Вместе с медсестрой мы идем по тихому коридору к палате Розмари. Впереди – мама, потом миссис Ланселатти, а следом я. Когда мы входим к Розмари, мама берет миссис Ланселатти за руку. Невестка обессилена. Она выглядит совсем крошечной, и то, как она сидит на кровати, откинувшись на подушки, напоминает мне миссис О'Киф из «Кридмор».
Миссис Ланселатти обходит кровать, целует свою дочь, гладит ее по лицу.
– Я так тобой горжусь, – говорит она.
– Было совсем не больно, ма. Я хочу, чтобы вы первые услышали, как мы решили ее назвать. Ее имя Мария Грейс, в честь наших мам, – улыбается Ро.
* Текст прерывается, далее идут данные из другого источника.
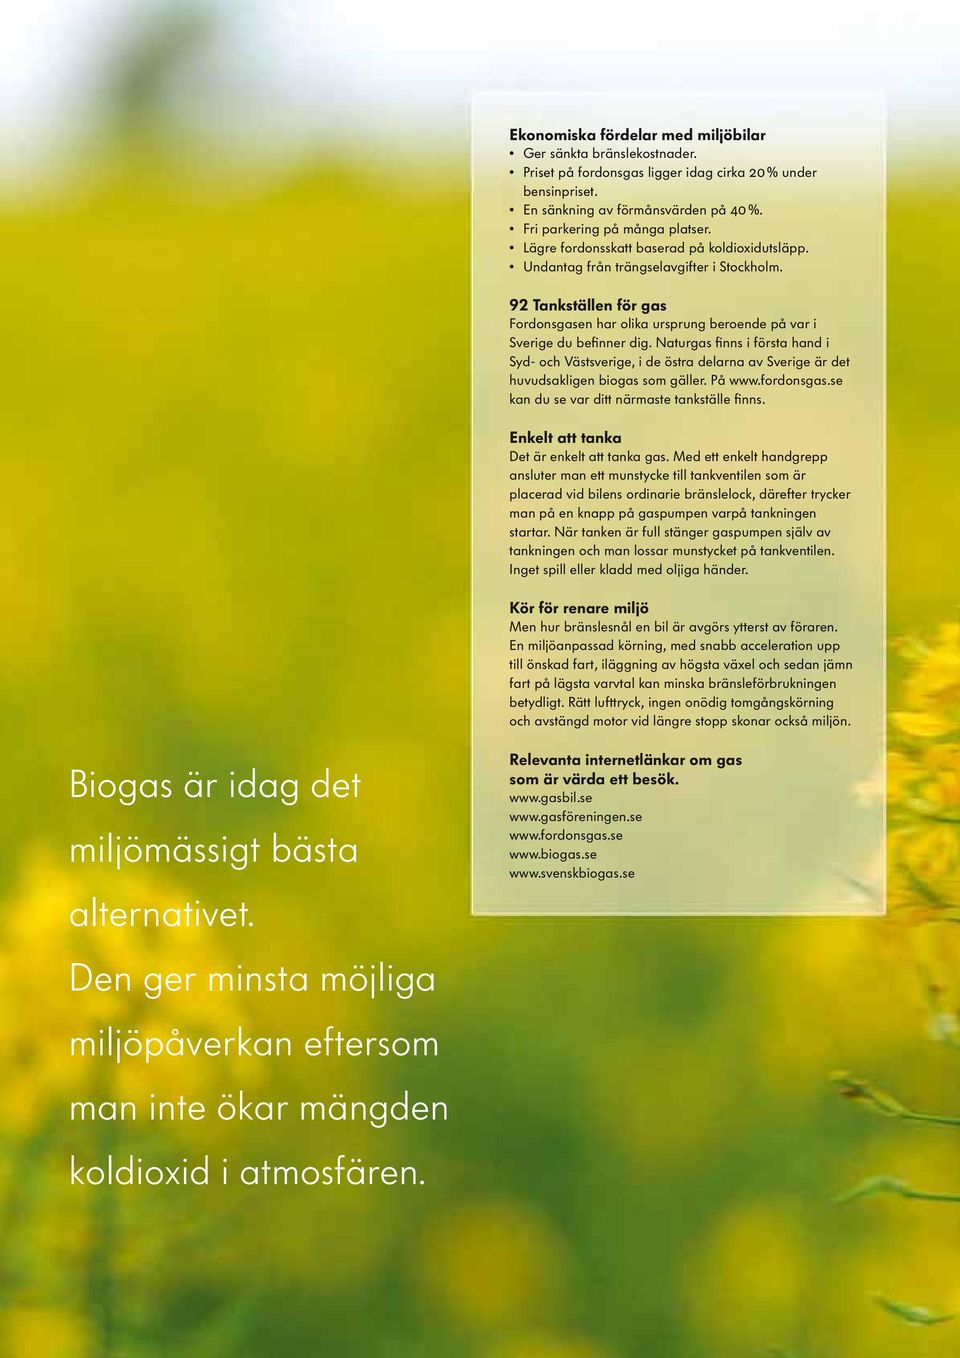 Naturgas finns i första hand i Syd- och Västsverige, i de östra delarna av Sverige är det huvudsakligen biogas som gäller. På www.fordonsgas.se kan du se var ditt närmaste tankställe finns.

Мама и миссис Ланселатти не могут сдержать слез.
– Теперь идите. Мне нужно спать.
– Грейс, я сделала жаркое, – говорит мама миссис Ланселатти. – Приглашаю вас всех на ужин.
– Благодарю. Это так любезно с вашей стороны, – говорит миссис Ланселатти. Мамы целуют Розмари и выходят.
– Спи крепко, Ро, – говорю ей я и поворачиваюсь к двери.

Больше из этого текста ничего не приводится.